Note: The most important paragraph of this section is the last one. Every person is a combination of yoga and sankhya – of detachment and attachment, of action and inaction. Krishna makes the point that neither of these is inherently good or bad.

What is Renunciation?

Arjuna now asks, ‘If attachment and detachment are equally good, Krishna, then what is the meaning of renunciation?’

‘The learned and wise define renunciation as abandonment of those works that are performed with the sole expectation of reward,’ replies Krishna.

‘The reason for abandonment of a certain act is also important. If one renounces something only out of fear of bodily and psychological harm the action brings, then it is no more than a decision of passion.

‘If the abandonment is out of delusion or ignorance – because the man cannot judge the requirement of the action – then it is a choice made under the cloak of darkness.

‘Since human beings cannot ever abstain from action completely, Partha, the only effective definition of a ‘man who has renounced’ is he who performs actions required of him with absolute detachment to the results that come about.’

Note: Krishna here makes a point that renunciation doesn’t have to be of worldly things. You can be in the midst of all the wealth and luxury in the world and be at peace. On the other hand, you can give away everything you have and be constantly anxious.

Renunciation, in short, is the art of letting go of those two things: fear of failure and expectation of success.

On Brahman

The other angle Krishna explores in the Bhagavad Gita is the idea of Brahman. This ‘Brahman’, we have to note, is different from ‘Brahma’ who is the creator of the three worlds.

Brahman, in a sense, is everything. He is considered the being out of Time, who watches the past, present and the future unfold in front of his eyes at the same time. So for him, everything has happened. Causes and consequences are merely constructs.

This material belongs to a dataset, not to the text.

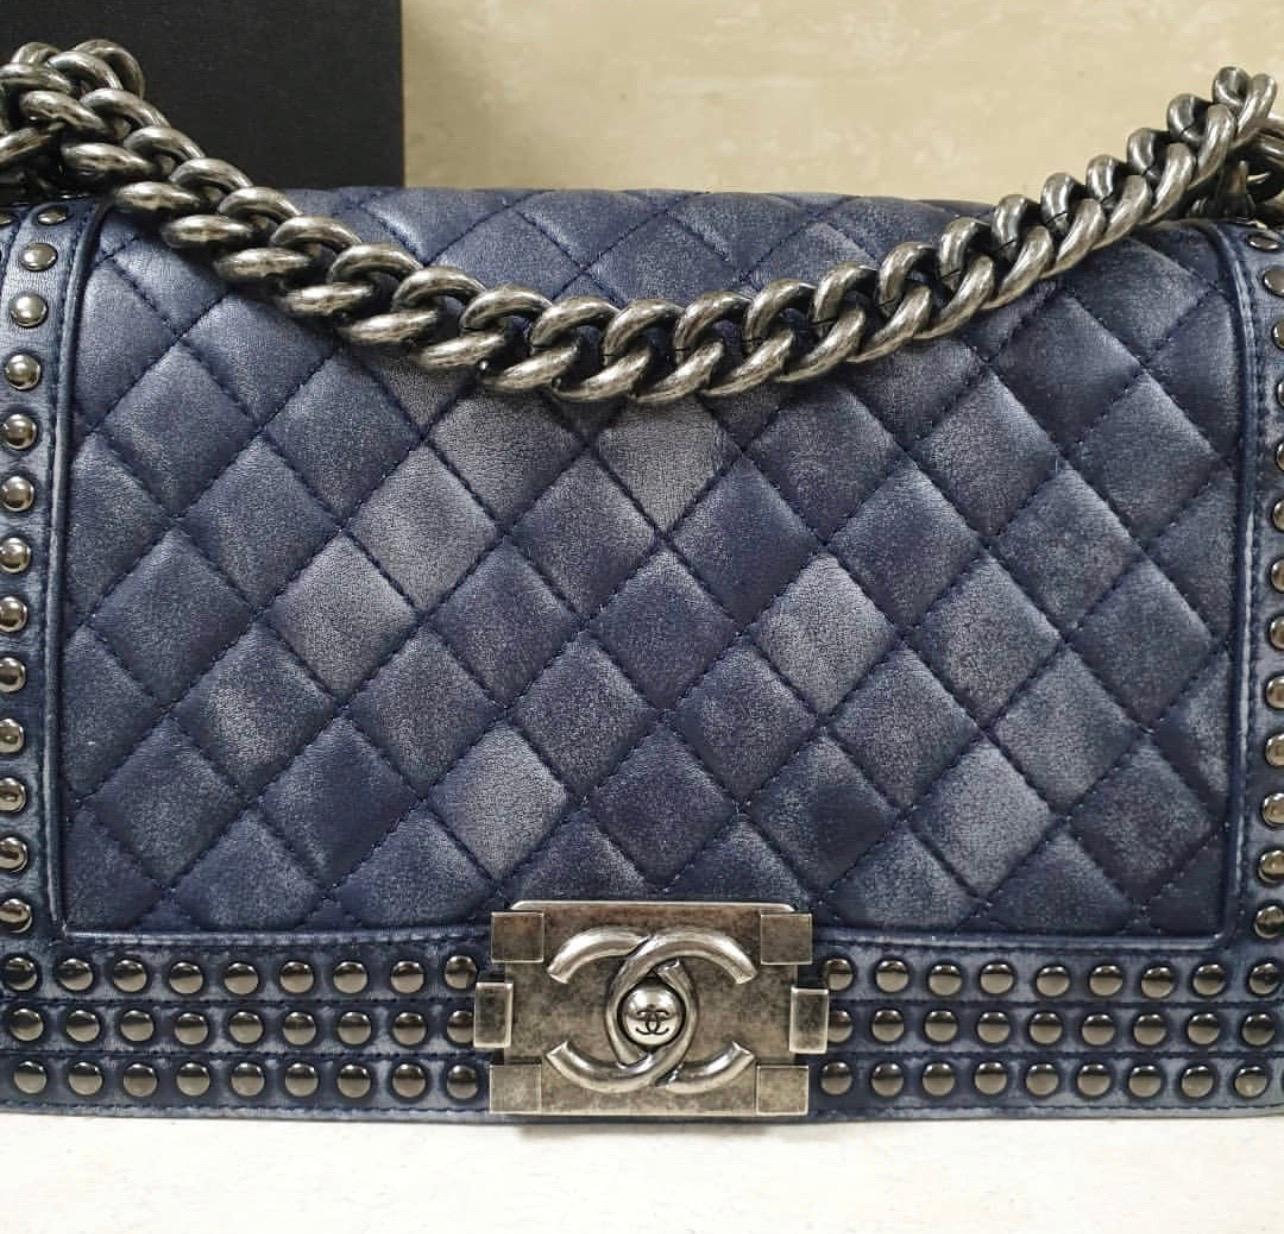 Chanel Medium Boy Faded Leather Studded Flap Bag from Chanel Paris-Dallas 2014 collection has been hand-finished by skilled artisans in the label's workshop.
Boasting soft faded blue quilted lambskin-leather exterior and studded detail along the

Krishna claims that he is Brahman. Every once in a while, when chaos begins to rule over order, he manifests himself into the world of time and guides the universe such that balance is restored between darkness and light.

Brahman too is not constrained by attachment. He takes birth at this point because he has taken birth at this point. Everything has already happened. There is no because – the word itself implies a past and a future. The word implies causality.

This introduces a couple of concepts: one is that Krishna is an all-seeing, all-knowing entity. He is the path to salvation. He is the one to worship.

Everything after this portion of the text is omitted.